Sometime this year, you may have the
opportunity to experience an event that’s even more rare than a lunar or solar
eclipse – an economic eclipse. The United States has had the world’s largest
economy since we surpassed Britain back in 1872, but our economy is about to be
overshadowed by China’s.
A lot of folks were anticipating an
economic eclipse sometime around the end of this decade. As it turns out, the
event horizon may be much, much shorter. Last week, The World Bank released its International Comparison Program (ICP)
report. Every six years, in an effort to measure the real size of the world
economy, the ICP surveys countries and measures their relative economic might.
The ICP report was the final analysis of data collected during 2011. It found, at
that time, the U.S. had the world’s biggest economy. It also established that
China’s economy had grown much faster than ours between 2005 and 2011. China’s
economic growth has continued to exceed that of the United States. As a result,
China’s economy is expected to eclipse that of the United States during 2014.

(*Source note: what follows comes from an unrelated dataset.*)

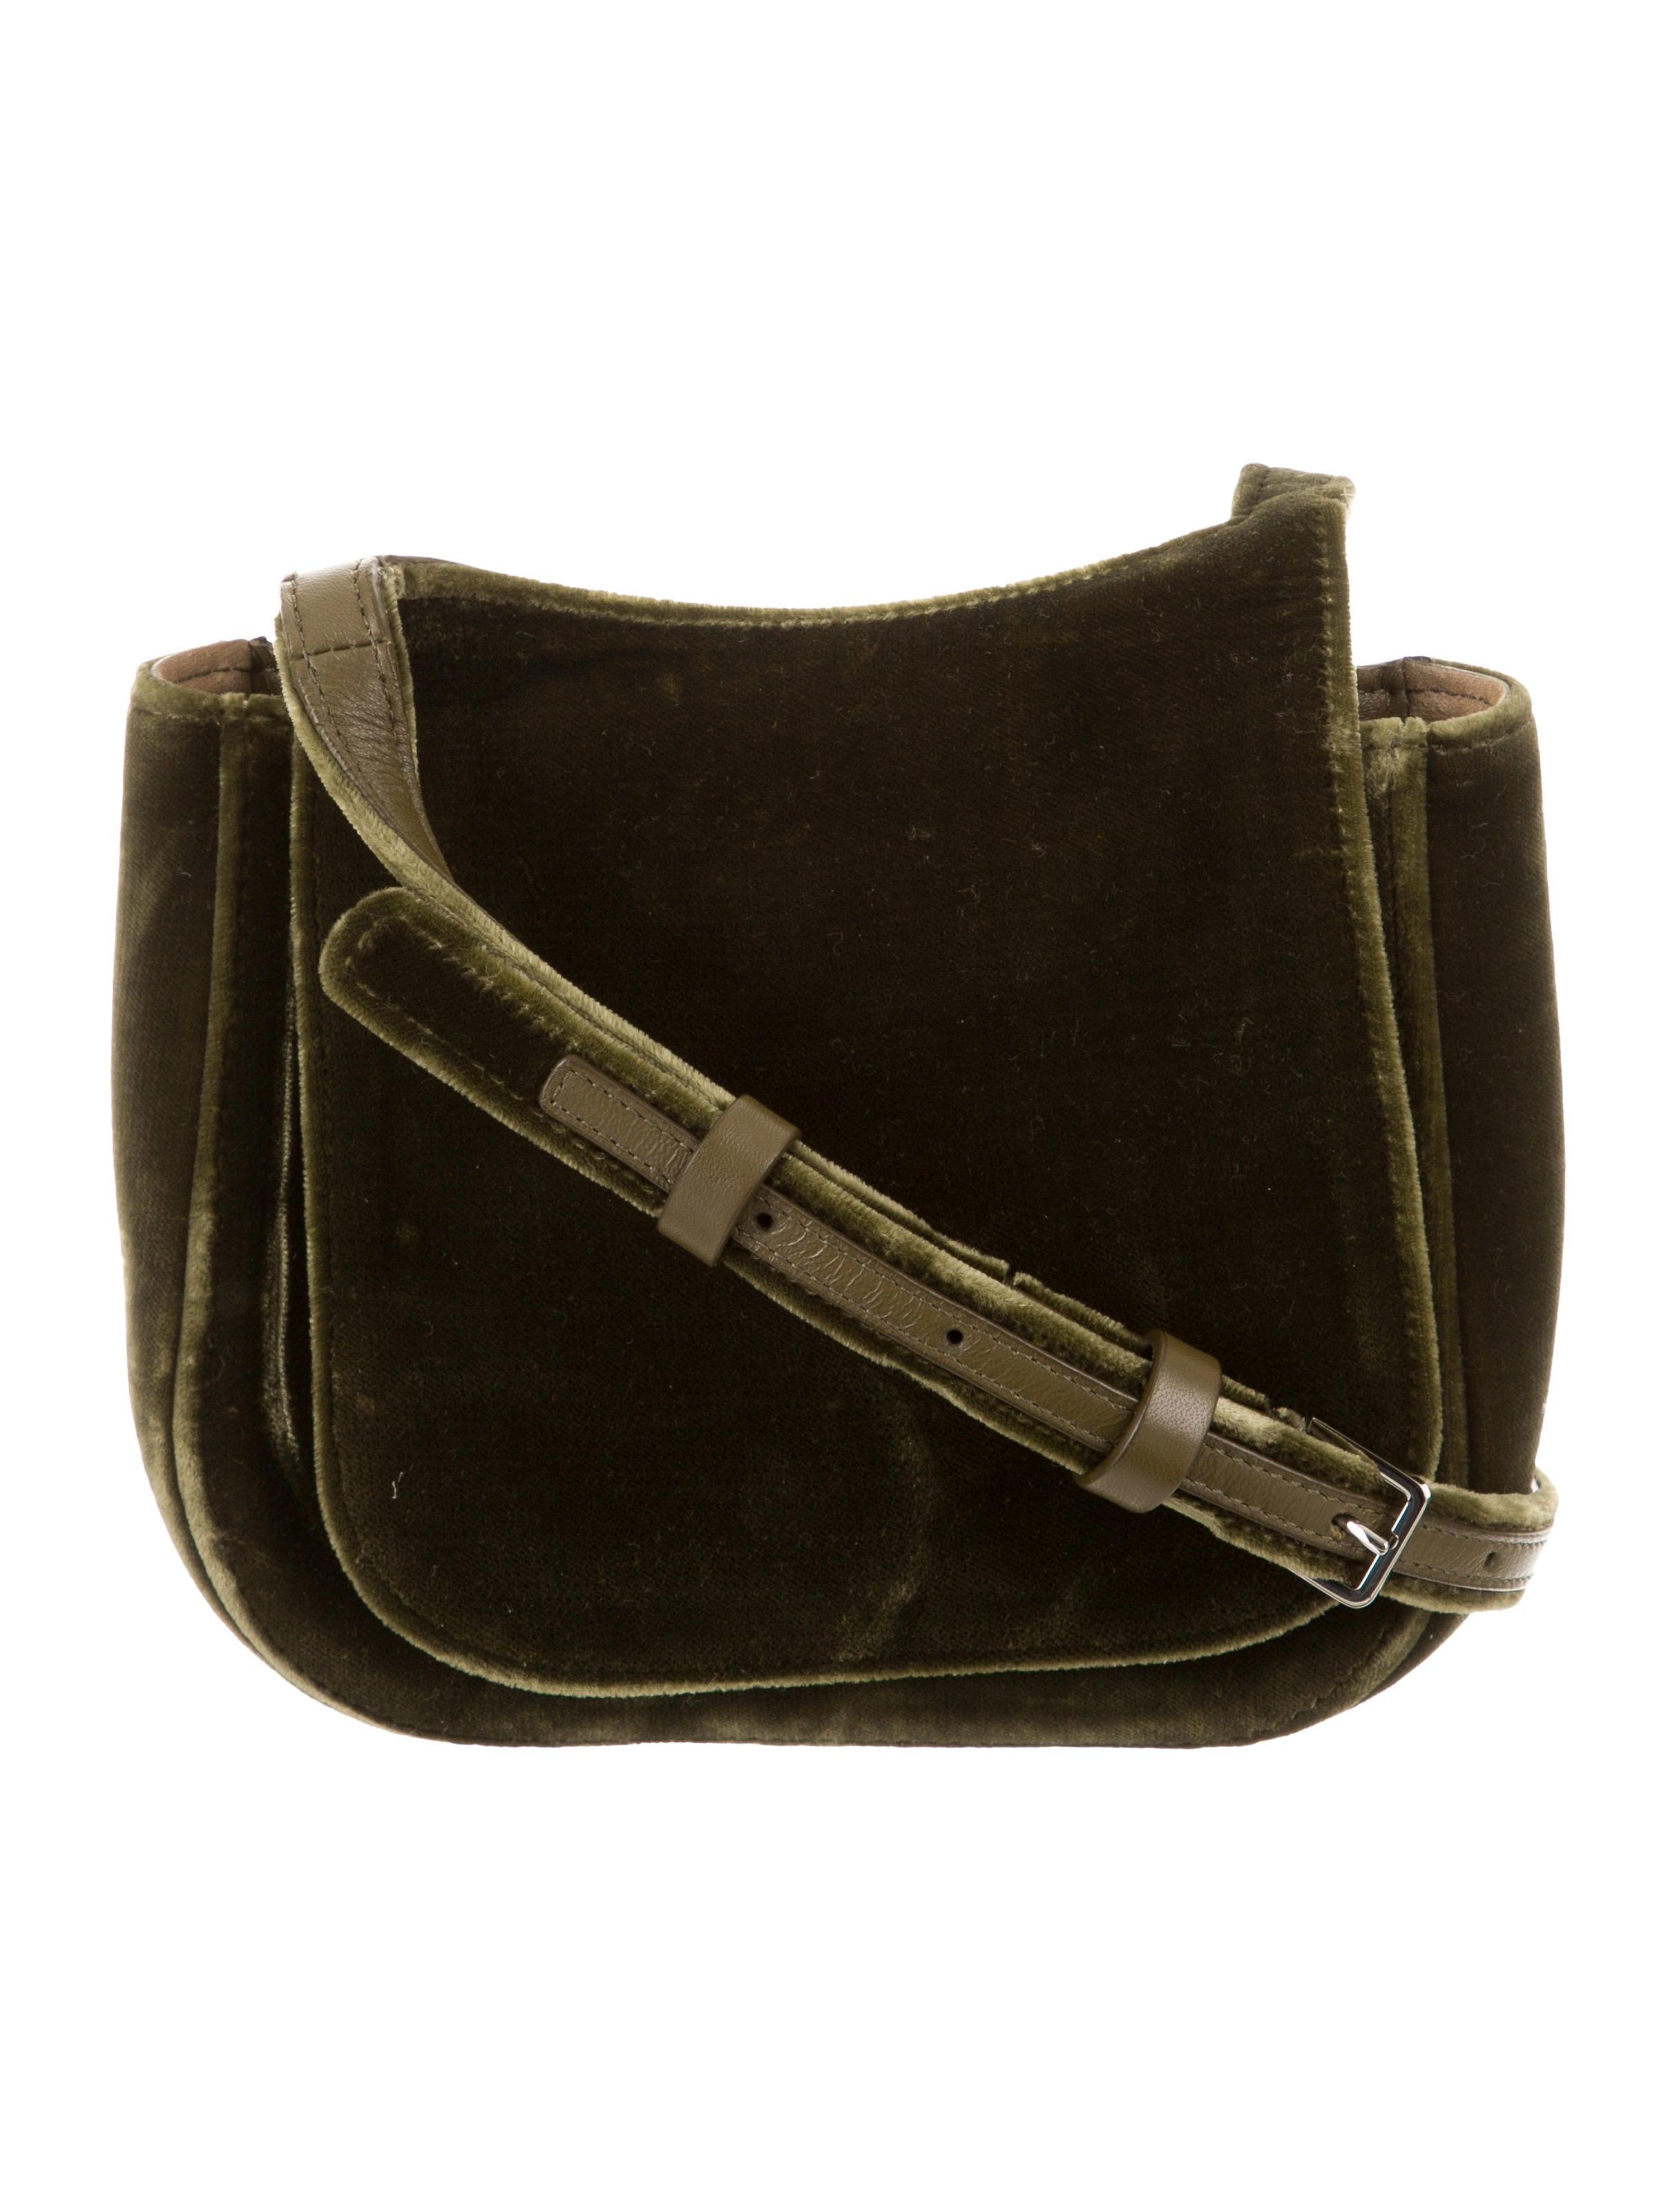 2b12a9f1305 Handbags | The RealReal

The U.S. economy will be the second largest and behind us will be India. The
ICP also noted that:
·
The
six largest middle-income economies (China, India, Russia, Brazil, Indonesia,
and Mexico) account for 32.3 percent of world Gross Domestic Product (GDP)
·
The
six largest high-income economies (United States, Japan, Germany, France,
United Kingdom, and Italy) account for 32.9 percent of world GDP
·
Asia
and the Pacific, including China and India, account for 30 percent of world GDP
·
The
European Union and countries in the Organization for Economic Cooperation and
Development (OECD) account for 54 percent of world GDP
·
Latin
America comprises 5.5 percent of world GDP (excluding Mexico, which is an OECD
country, and Argentina which did not participate in the ICP survey)
Some people are unsettled by the news.
Among them, apparently, are members of China’s National Bureau of Statistics
(NBS). According to The Washington Post,
the NBS expressed reservations about the study’s methodology and did not
endorse the results as official statistics. As with solar and lunar eclipses,
the event may be notable, but its effects are unclear.
So, you’ve heard U.S. companies are fabulously
profitable and sitting on record piles of cash. It’s true. According to Moody’s Investors Service, non-financial
U.S. companies had hoards of cash at the end of 2013 – about $1.64 trillion.
That’s about 12 percent more than the previous year’s record-setting $1.46
trillion. Technology, healthcare/ pharmaceutical, consumer product, and energy
companies held the most cash.
Why are profits at U.S. companies so high? The Economist offered several possible explanations:
1) Corporate executives favored capital and not labor in recent
years. An expert cited by The Economist
suggested, “…Had pay kept pace with productivity in recent years, profit
margins would be around their historic average, not close to a 50-year high;”
2) When the U.S. dollar loses value, which it has, the foreign earnings of
American companies get a lift; and 3) Firms have limited their capital
expenditures on equipment, software, and other items. As a result, depreciation
charges have fallen making companies look more profitable.
Why aren’t companies spending? It has a lot to do with overseas
profits and tax rates, according to The
Wall Street Journal’s MoneyBeat. It reported, “Growth in the cash
stockpiles, however, came largely from operations overseas. Instead of bringing
that money back to the U.S. and paying taxes as high as 35% upon repatriation,
companies borrowed money in the U.S. bond market, where interest rates were
historically low. The report calls that strategy ‘a form of synthetic cash
repatriation.’”
The stark reality is companies are profitable, but they’re also
sporting a lot of debt. During the past three years, corporate debt has risen
by $3.67 for every $1 of cash growth, according to a report from Standard & Poor’s Rating Services
which was cited by The Wall Street
Journal. That’s okay when interest rates are low, but may not prove to be
so great when interest rates in the United States move higher.
Weekly Focus – Think About It
“I never
considered a difference of opinion in politics, in religion, in philosophy, as
cause for withdrawing from a friend.